Pre_transform adds feature dimension pytorch geometric

FloorEijkelboom · March 21, 2022, 7:41pm

Hi! When using a pre_transform on my dataset, the resulting graphs have different feature dimensions than when the transform is applied to some graph (i.e. outside the pre_transform of a dataset).
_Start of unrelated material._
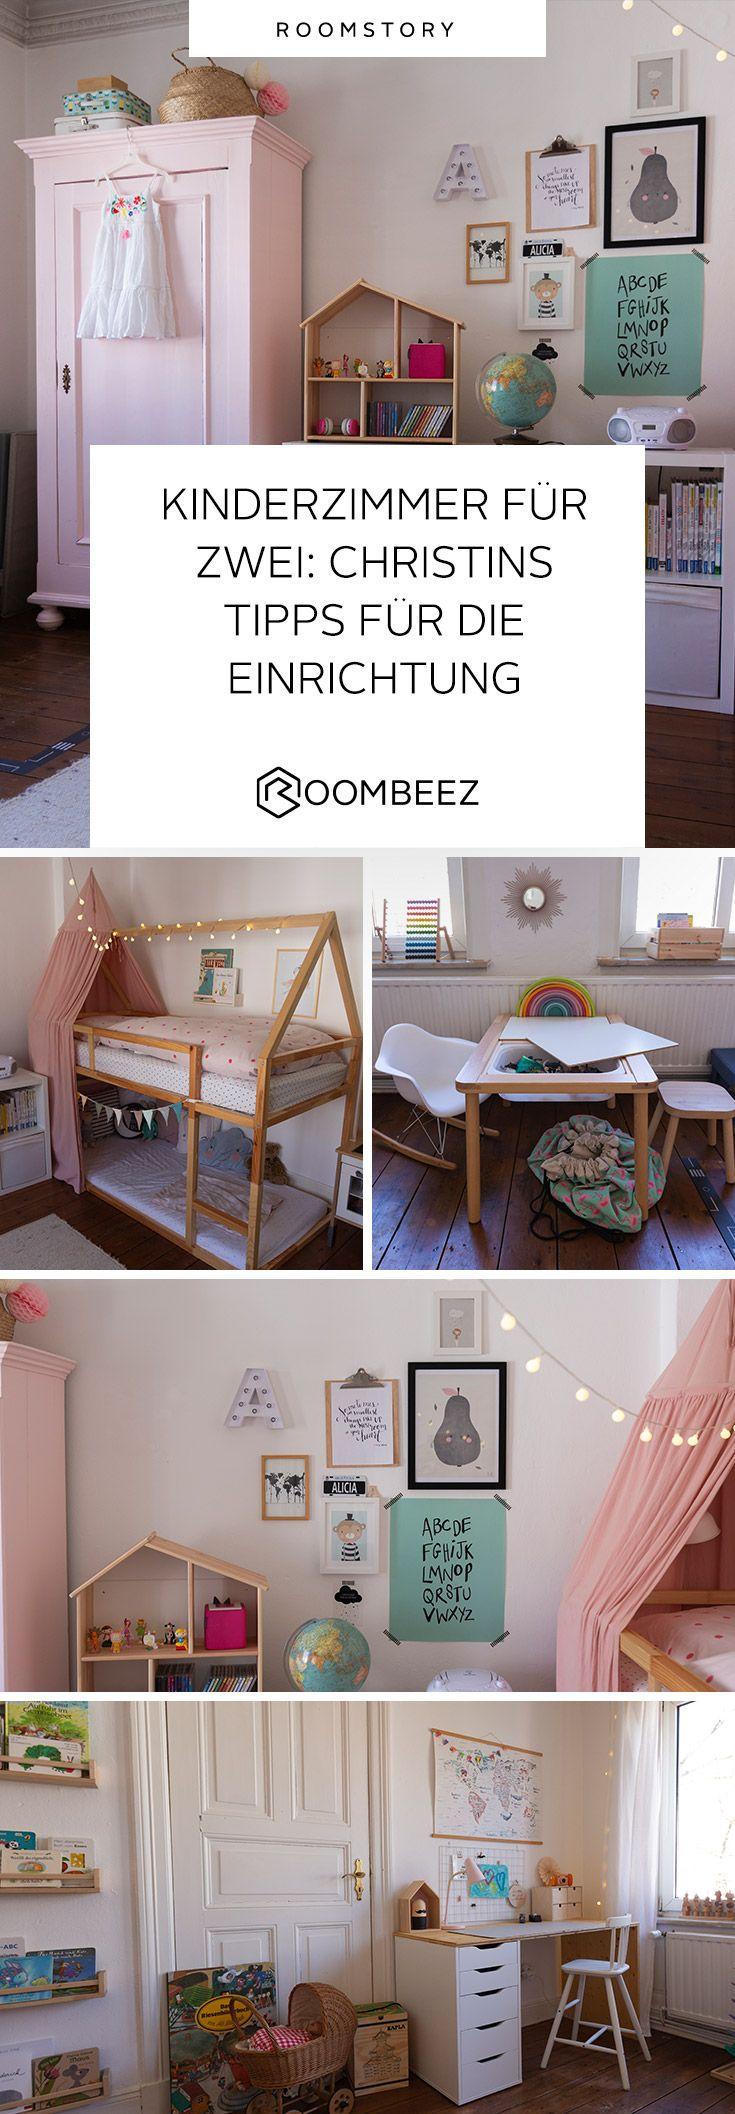 Kinderzimmer für zwei » Christins RoomstoryVideo Kinder

The same happens when considering batches, the pre_transformed batches have an extra feature dimension, where the transform applied by the dataloader real-time does not have this extra dimension.

Example:

def some_transform(graph: Data) -> Data:
    feature_dimension = graph.x.shape[1]
    feature = torch.ones((1, feature_dimension))

    graph.extra_feature = feature

    return graph

dataset = TUDataset('./datasets/TUDataset/PROTEINS', name='PROTEINS', pre_transform=some_transform)
dataset = dataset.shuffle()
loader = DataLoader(dataset, batch_size=batch_size, shuffle=True)

for batch in train_loader:
      print(batch.x.shape)
      print(batch.extra_feature.shape)

yields

>>> torch.Size([4313, 3])
>>> torch.Size([128, 4])

Why could this be the case? Thanks in advance!

nivek · March 21, 2022, 9:53pm

It is hard to tell without seeing what each sample and TUDataset look like.

It may be because DataLoader performs collation on each batch of data. Specifically, you may want to check if the default collation is applied.